Critics Question Contributions to Brooklyn DA’s Campaign Fund

By Jeneen Interlandi

 

On a warm Friday evening in April of 2001, Isaac Chehebar was winding down from what had been a very typical day for him. He had just returned from visiting his grandmother, as he did every Friday before sundown and the Jewish Sabbath, when he ran into Abraham Feldman, a friend from the Gravesend neighborhood in southern Brooklyn, where Chehebar lived with his parents and siblings.

Feldman had been driving around in his father’s 2000 Porsche Carrera, and he invited Chehebar to take it for a spin. Moments later, onlookers and other motorists would witness the 20 year old racing through the quiet neighborhood’s streets, at speeds ranging from 50 to 65 miles per hour.

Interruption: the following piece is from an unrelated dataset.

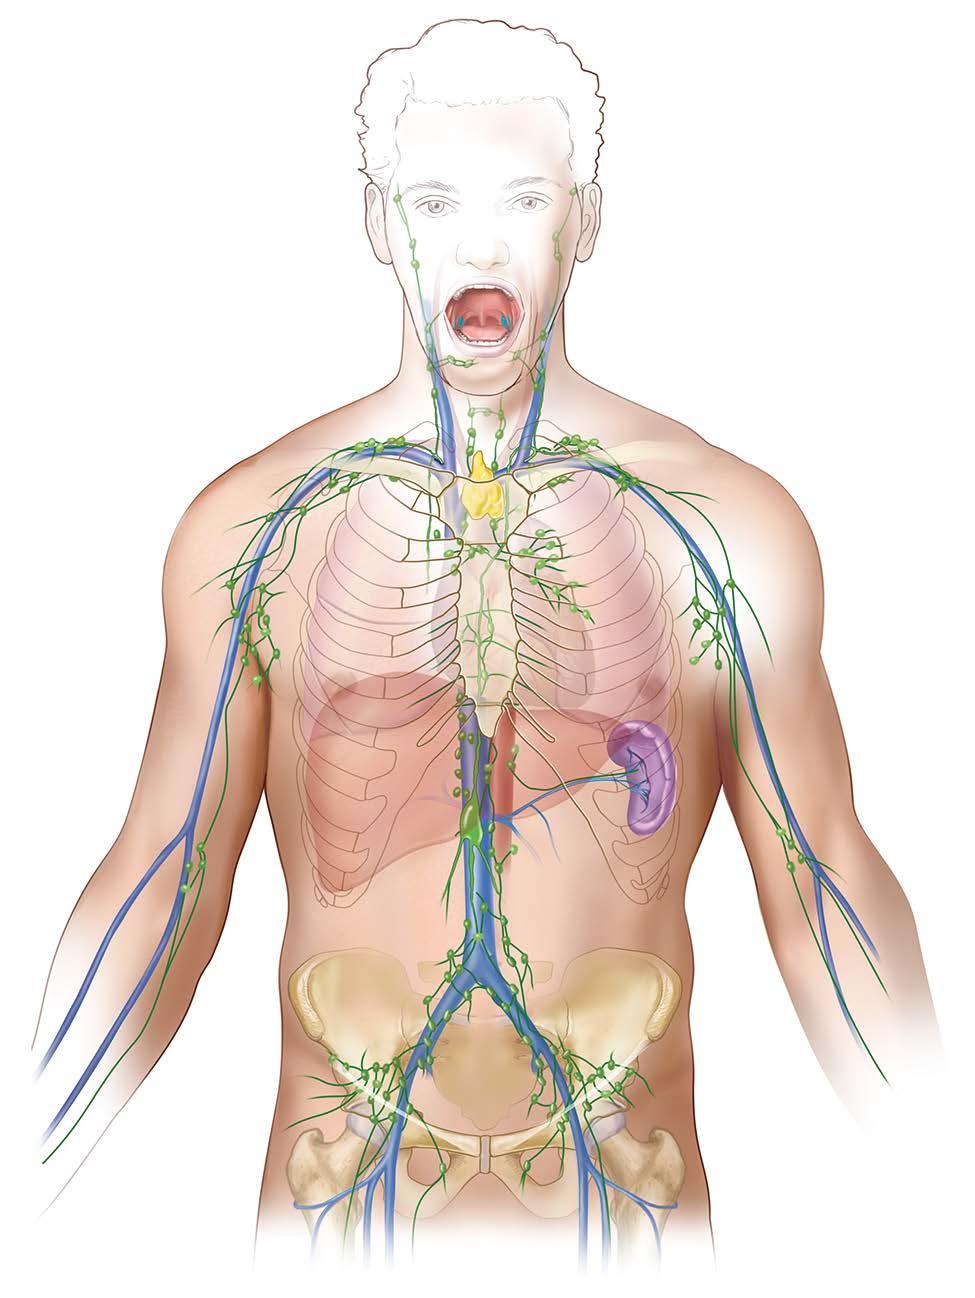 Thymus Tonsils Lymph node Lymph vessel Spleen This picture shows the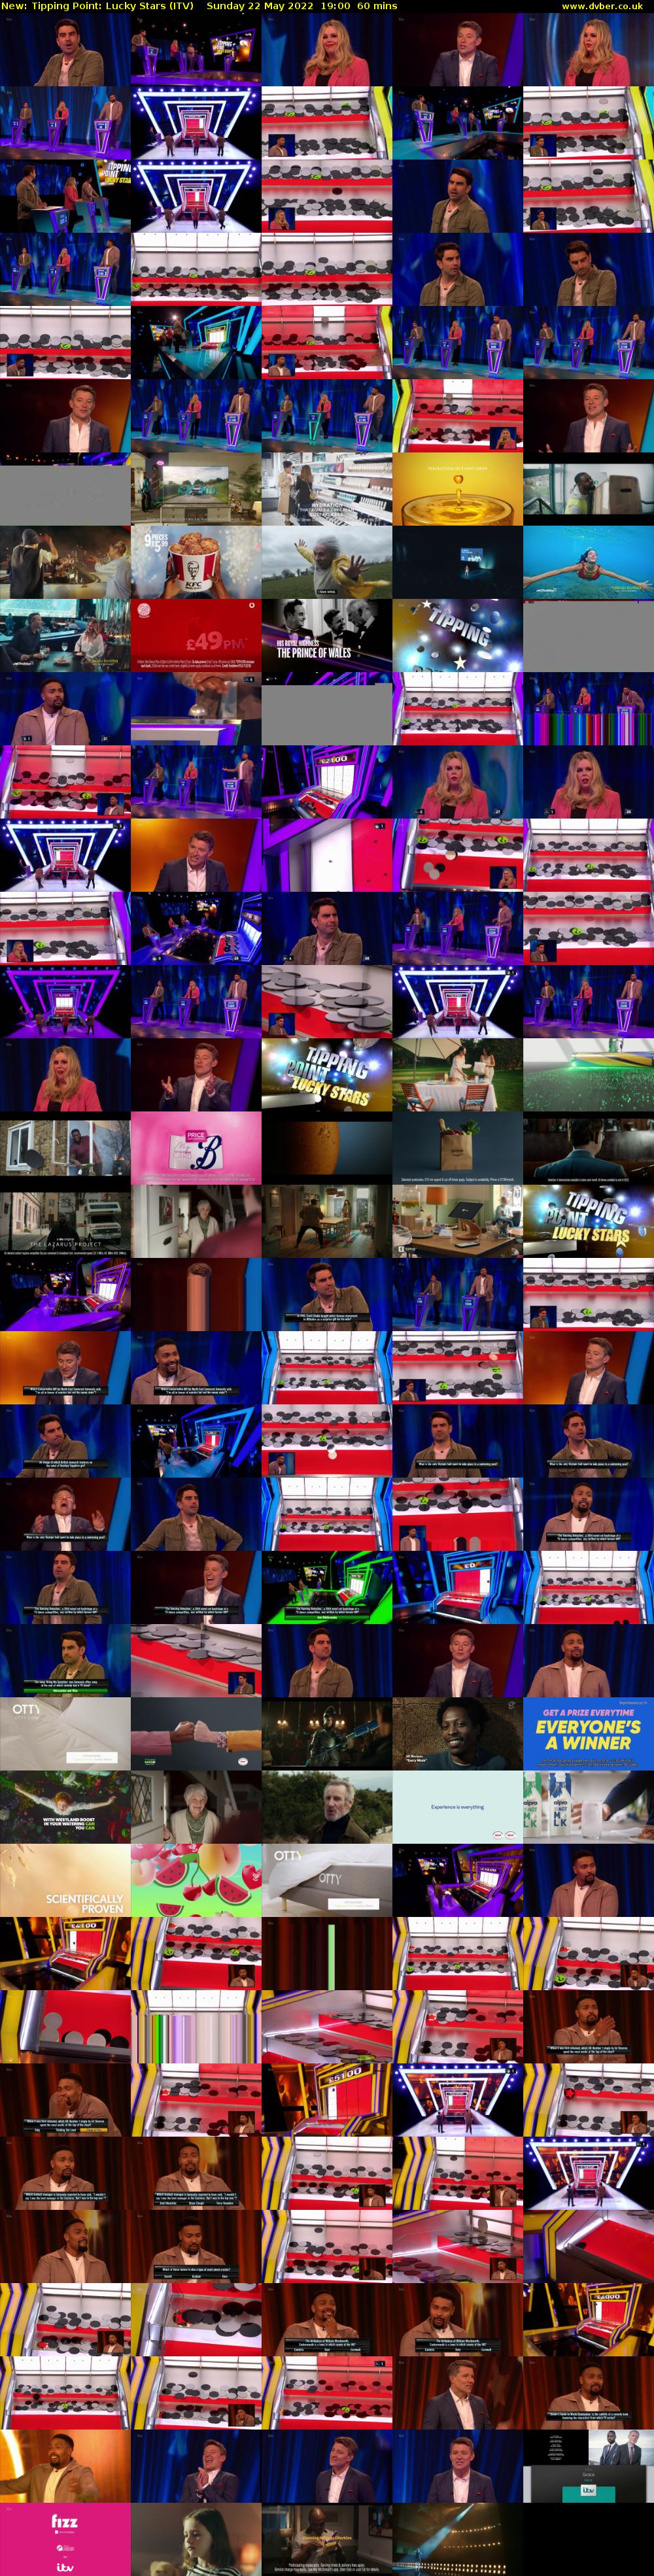 Tipping Point: Lucky Stars (ITV) Sunday 22 May 2022 19:00 - 20:00

“I thought I was so cool with that car,” Chehebar later recalled, “that I could drive any way I wanted to – in and out of lanes.”

Ocean Parkway has a speed limit of 30 miles per hour, partly because the median separating the main artery from the adjacent service road doubles as a neighborhood park. On pleasant days it fills up with pedestrians, mostly area residents making their way to and from the nearby shopping district. Chehebar’s joy-ride included at least two laps up and down this parkway, where people were sure to notice him driving the silver sportscar.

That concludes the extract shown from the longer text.